Mighty God

(Isaiah 9:1-7John 20:19-29)

To us a child is born, to us a son is given, and that child will be the king who will bring an end to war and oppression and all the darkness of the world.  He will be the perfect king who will rule forever and bring eternal peace—but not the peace of the tyrant, who brings the peace of the grave by crushing dissent and killing anyone who opposes him.  His peace will be a peace of life and growth, in which all the world will flourish.  He will bring this about through his wisdom, for he is the miraculously-wise counselor, the one who speaks and leads with the perfect wisdom of the Lord of all creation.  He will bring this about through his power, for he is the mighty God.

The word for “mighty” in the Hebrew is an adjective, but it was often used as a noun, rather like our national anthem calls America “the land of the free and the home of the brave.”  When it was used this way, it meant a great warrior or a great hero.  The meaning is clear.  This child who is king because he is God will not only rule with the wisdom of God, he will defend his people with the power of God, and so he will be incomparably mighty in battle.  He will defeat all his enemies, and he will never be overcome.  His kingdom will endure forever because there will never be any power that can conquer it; it will grow forever because there will never be any power that can stand against it.  His people will know absolute security and freedom from any threat.

That all sounds conventional enough.  Empires grow by winning battles and wars, after all, and they start to shrink when they start losing.  If you’re going to envision a ruler who will reign forever and whose kingdom will never stop expanding, it’s probably going to have to be someone who never loses a battle, let alone a war.  That’s why the greatest empire-builders in human history have been military geniuses like Alexander the Great.  But the funny thing is, that’s not actually what God has in mind.

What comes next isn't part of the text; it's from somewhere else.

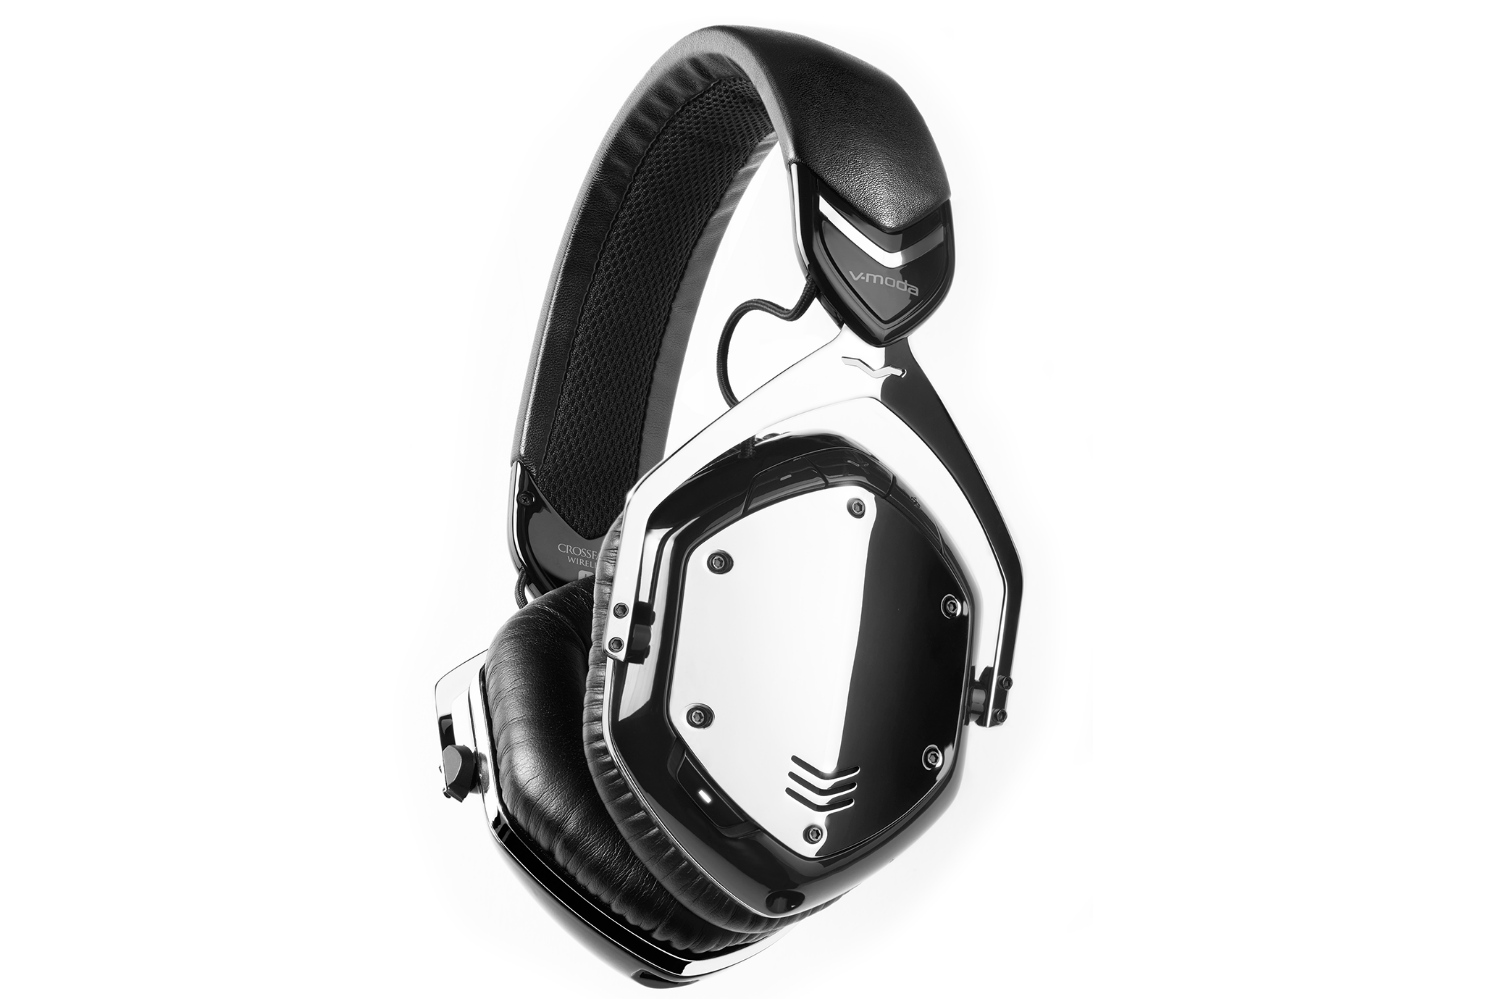 vmoda crossfade wireless headphones reimagined m100 phantom chrome flying web

Look at the Gospel of John.  John 18:  Jesus goes to meet Judas Iscariot, who has betrayed him.  He knows Judas has betrayed him, he knows Judas will be leading the soldiers there to arrest him; he could have avoided the arrest, but he doesn’t.  In fact, he practically volunteers to be arrested.  Later, he’s being interrogated by the Roman governor, Pontius Pilate—who’s bewildered by the whole situation—and he tells Pilate, “My kingdom is not of this world.  If it were, my servants would fight to prevernt my arrest.  But now my kingdom is from another place.”  John 19:  Pilate says, “Don’t you realize I have power either to free you or to crucify you?”  Jesus responds, “You would have no power over me if it were not given to you from above.”  And so he was crucified.

And then he got up, alive again after being tortured to death; and not only alive again, but able to bless his disciples with his peace.  For that matter, he’s able to do things like appear in the middle of locked rooms.  He’s alive, and he gives his disciples the Holy Spirit—though they don’t fully receive the Spirit of God until a few weeks later—and he commissions them as his ambassadors to the world.

This is the mighty God whose kingdom shall never end.  He never led soldiers in battle; not only did he not march from victory to victory, he was captured and executed like a common thief.  He suffered, it seemed, the ultimate defeat.  The thing is, he did that because he was after a much greater enemy than any he could overcome in this life.  He wasn’t after earthly rulers, he was hunting much bigger game:  his battle was against sin, and against death, and to beat them, he had to face them on their own turf.  He allowed himself to be murdered so that he could go one-on-one with death—and it was a three-day fight, but he won in a knockout.

This is how the mighty God goes to war, and this is how he fights his earthly enemies:  with mercy, by making himself vulnerable, laying his own life down for us.  This is how he calls those of us who worship him to fight for him:  by not fighting, by loving our enemies, showing grace and mercy to the undeserving, and laying down our lives for those around us.  And if this often looks like the way of defeat, we can look to his example and remember that the greatest defeat this world could deal was his way to ultimate victory.